Same error here on RX 6900 XT.
https://github.com/Plagman/gamescope/blob/8a3fa88c7d4d7f98436f97eb5a1c3b590964dee5/src/pipewire.cpp#L476-L477

Maybe the function vulkan_acquire_screenshot_texture() needs an overhaul for headless setups?

@safijari
Copy link

This is the exact issue that happens on Steam Deck ValveSoftware/SteamOS#1000

I thought it may be pipewire related as it does not happen if you use pipewire prior to this commit PipeWire/pipewire@7631316

(try with pipewire 0.3.59)

Even if it's an issue with pipewire, gamescope should not implode because of it.

@kisak-valve
Copy link
Member

Hello @safijari, your regression should be reported upstream to pipewire's issue tracker so that those devs can ponder their change in behavior. I've looked around a bit and didn't find anything related on https://gitlab.freedesktop.org/pipewire/pipewire/-/issues.

@safijari
Copy link

@kisak-valve thank you for your response. I'm genuinely not sure what the core issue is. I can certainly report that something is wrong to the pipewire devs but as best as I can tell this is only negatively impacting gamescope. I looked a bit more into it and the issue isn't related to pipewiresrc asking for the wrong image size. vulkan_acquire_screenshot_texture() returns null even if I forcibly inject the correct image size.

@Starsam80
Copy link

This patch should fix the issue

--- a/src/pipewire.cpp
+++ b/src/pipewire.cpp
@@ -358,7 +358,7 @@ static void stream_handle_param_changed(void *data, uint32_t id, const struct sp
 	const struct spa_pod *buffers_param =
 		(const struct spa_pod *) spa_pod_builder_add_object(&builder,
 		SPA_TYPE_OBJECT_ParamBuffers, SPA_PARAM_Buffers,
-		SPA_PARAM_BUFFERS_buffers, SPA_POD_CHOICE_RANGE_Int(buffers, 1, 32),
+		SPA_PARAM_BUFFERS_buffers, SPA_POD_CHOICE_RANGE_Int(buffers, 1, 8),
 		SPA_PARAM_BUFFERS_blocks, SPA_POD_Int(1),
 		SPA_PARAM_BUFFERS_size, SPA_POD_Int(shm_size),
 		SPA_PARAM_BUFFERS_stride, SPA_POD_Int(state->shm_stride),

On my system, PipeWire was trying to use 16 buffers even though only up to 8 are available

@Joshua-Ashton
Copy link
Collaborator

Oh wow, great catch. I didn't even know we got to choose that!

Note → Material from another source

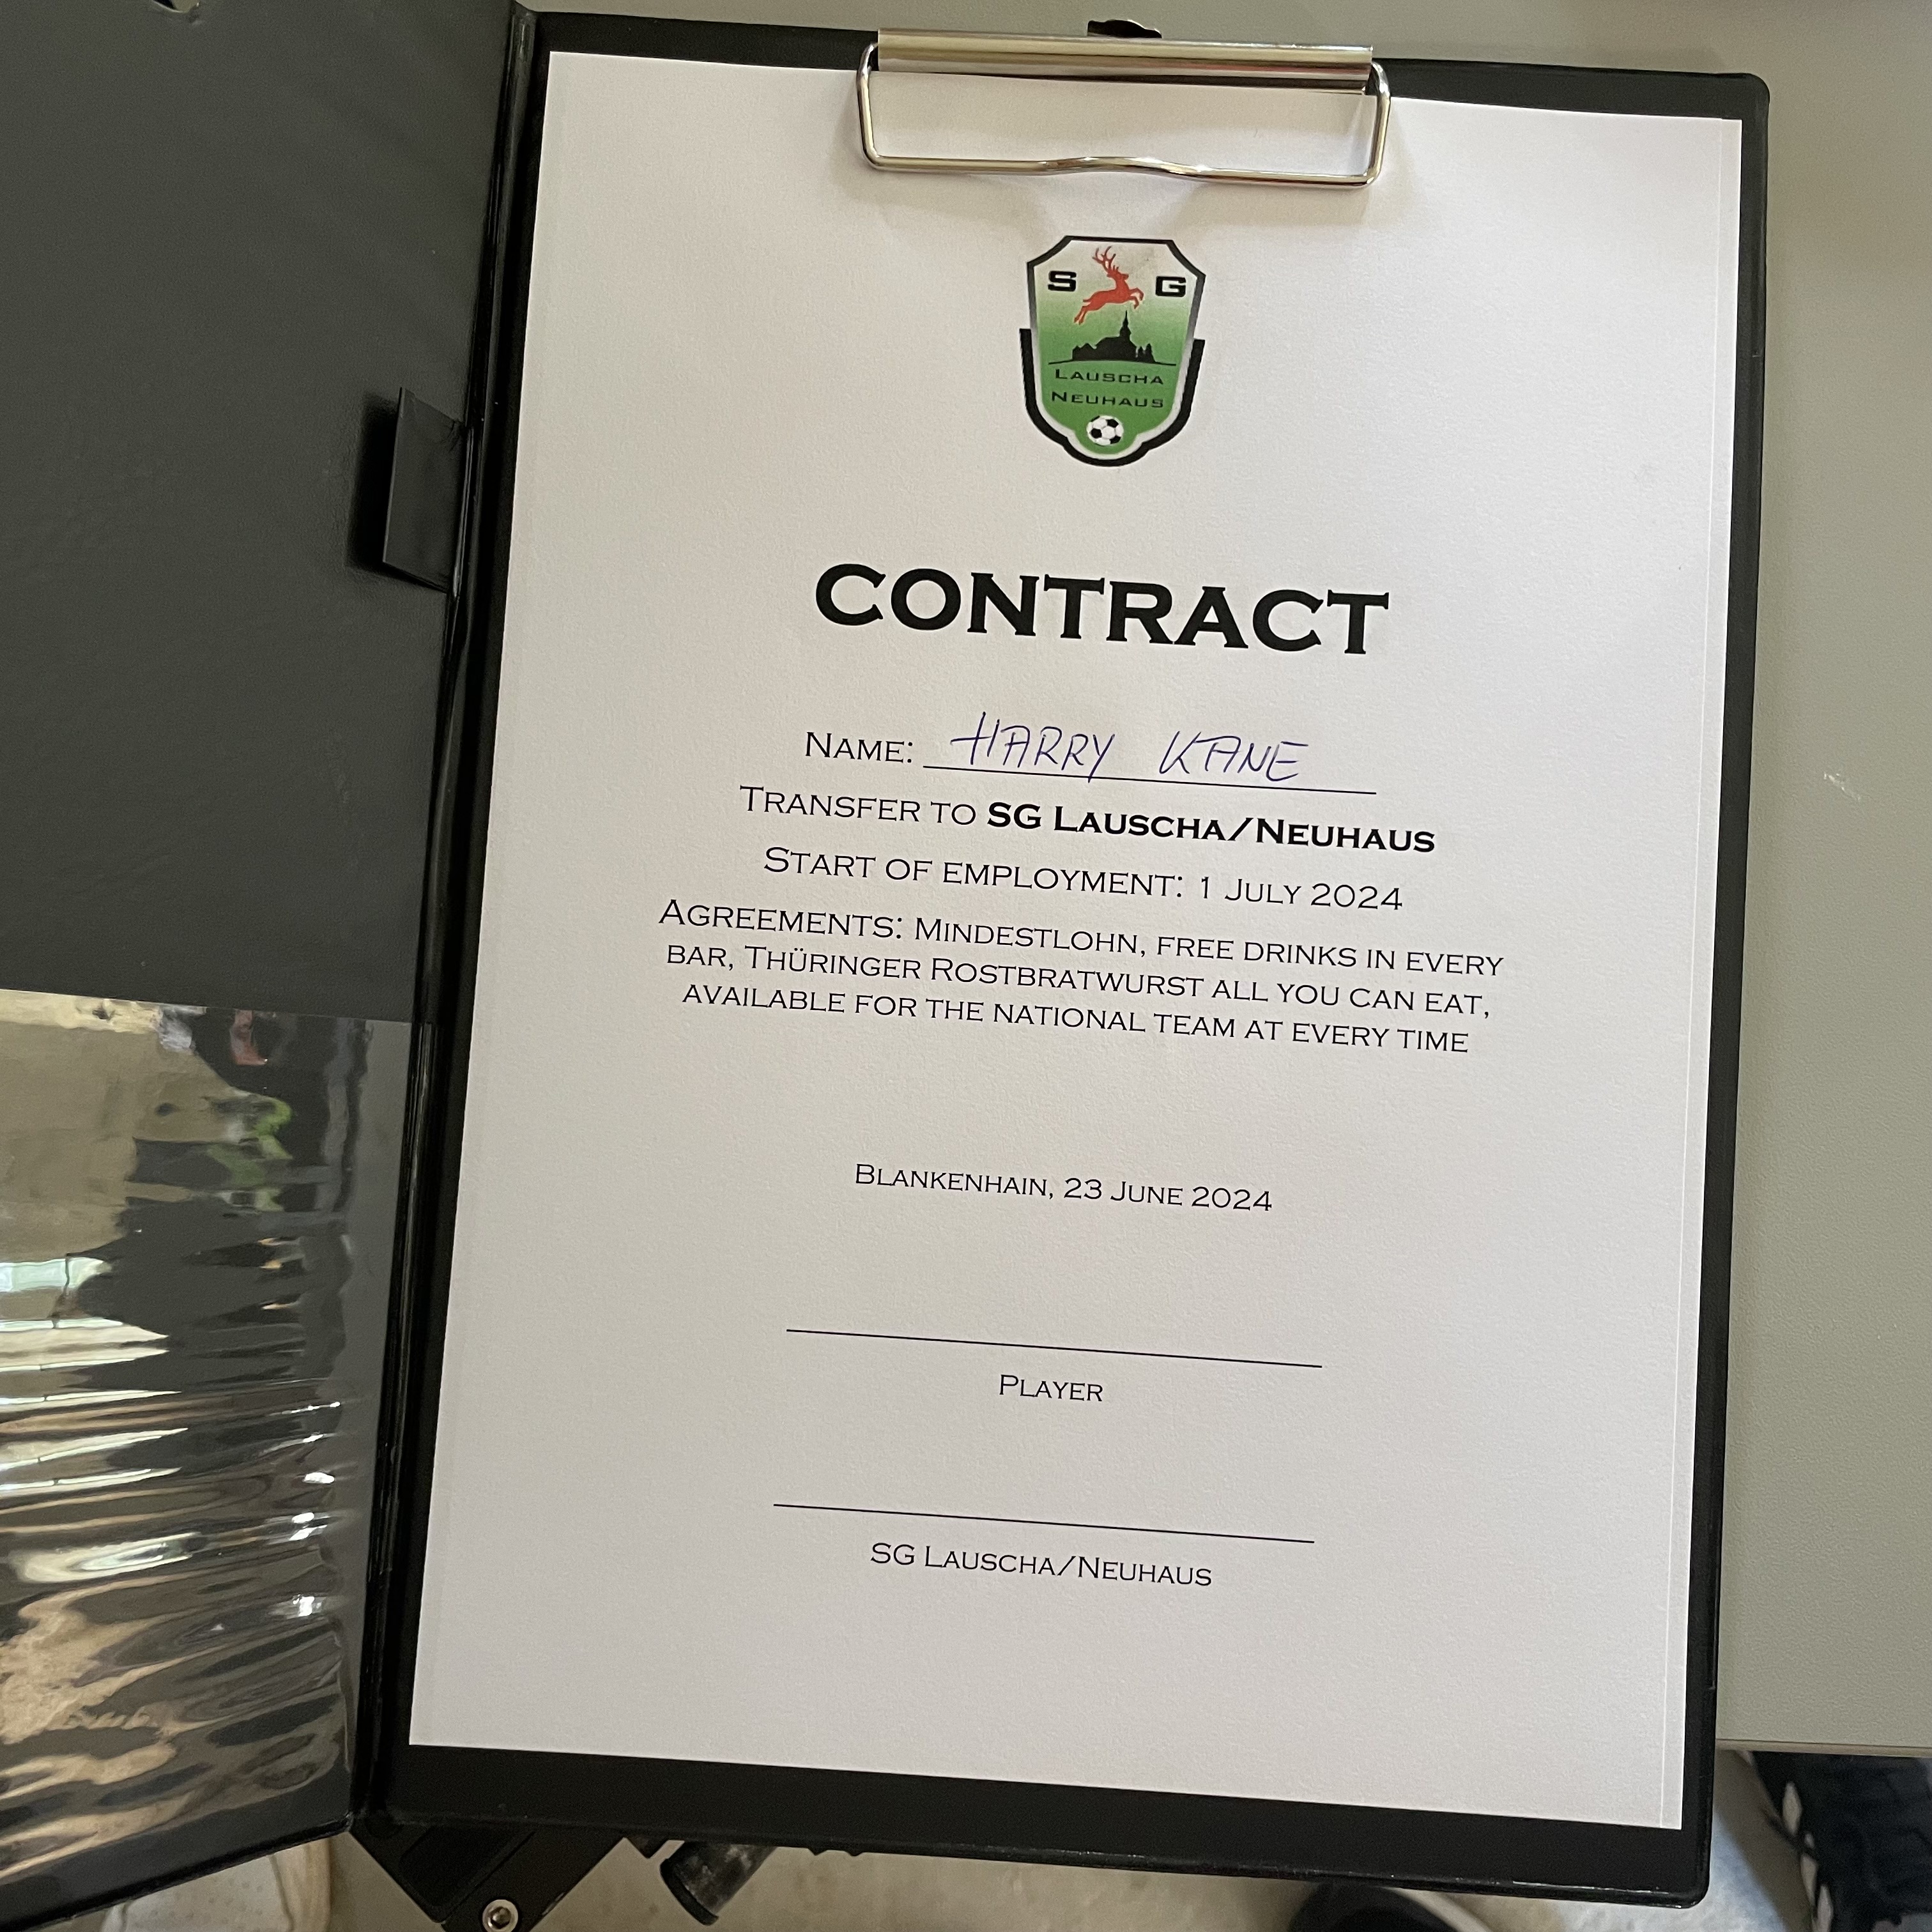 Harry Kane's contract offer from SG Lauscha/Neuhaus

I have seen this issue before and worked around it locally by adding more screenshot buffers.

@Joshua-Ashton
Copy link
Collaborator

Merged that patch, thanks.

@Samsagax
Copy link

Doesn't work for me. Still segfaults. How can I tell if pipewire is using more buffers than it should?

@Starsam80
Copy link

You can try debugging pipewire with

PIPEWIRE_DEBUG=D PIPEWIRE_LOG=>(grep pw_impl_port_use_buffers) build/src/gamescope -- vkcube

(you might need to omit the PIPEWIRE_LOG part depending on your shell/setup) and look for a line that says something like

[D][86964.931019] pw.port      | [     impl-port.c: 1632 pw_impl_port_use_buffers()] 0x56483a396410: 1:0.0: 8 buffers flags:1 state:2 n_mix:1

Also, is it the same error as this? A segfault != a failed assert

vulkan: Unable to acquire screenshot texture. Out of textures.
gamescope: ../src/pipewire.cpp:477: void stream_handle_add_buffer(void *, struct pw_buffer *): Assertion `buffer->texture != nullptr' failed.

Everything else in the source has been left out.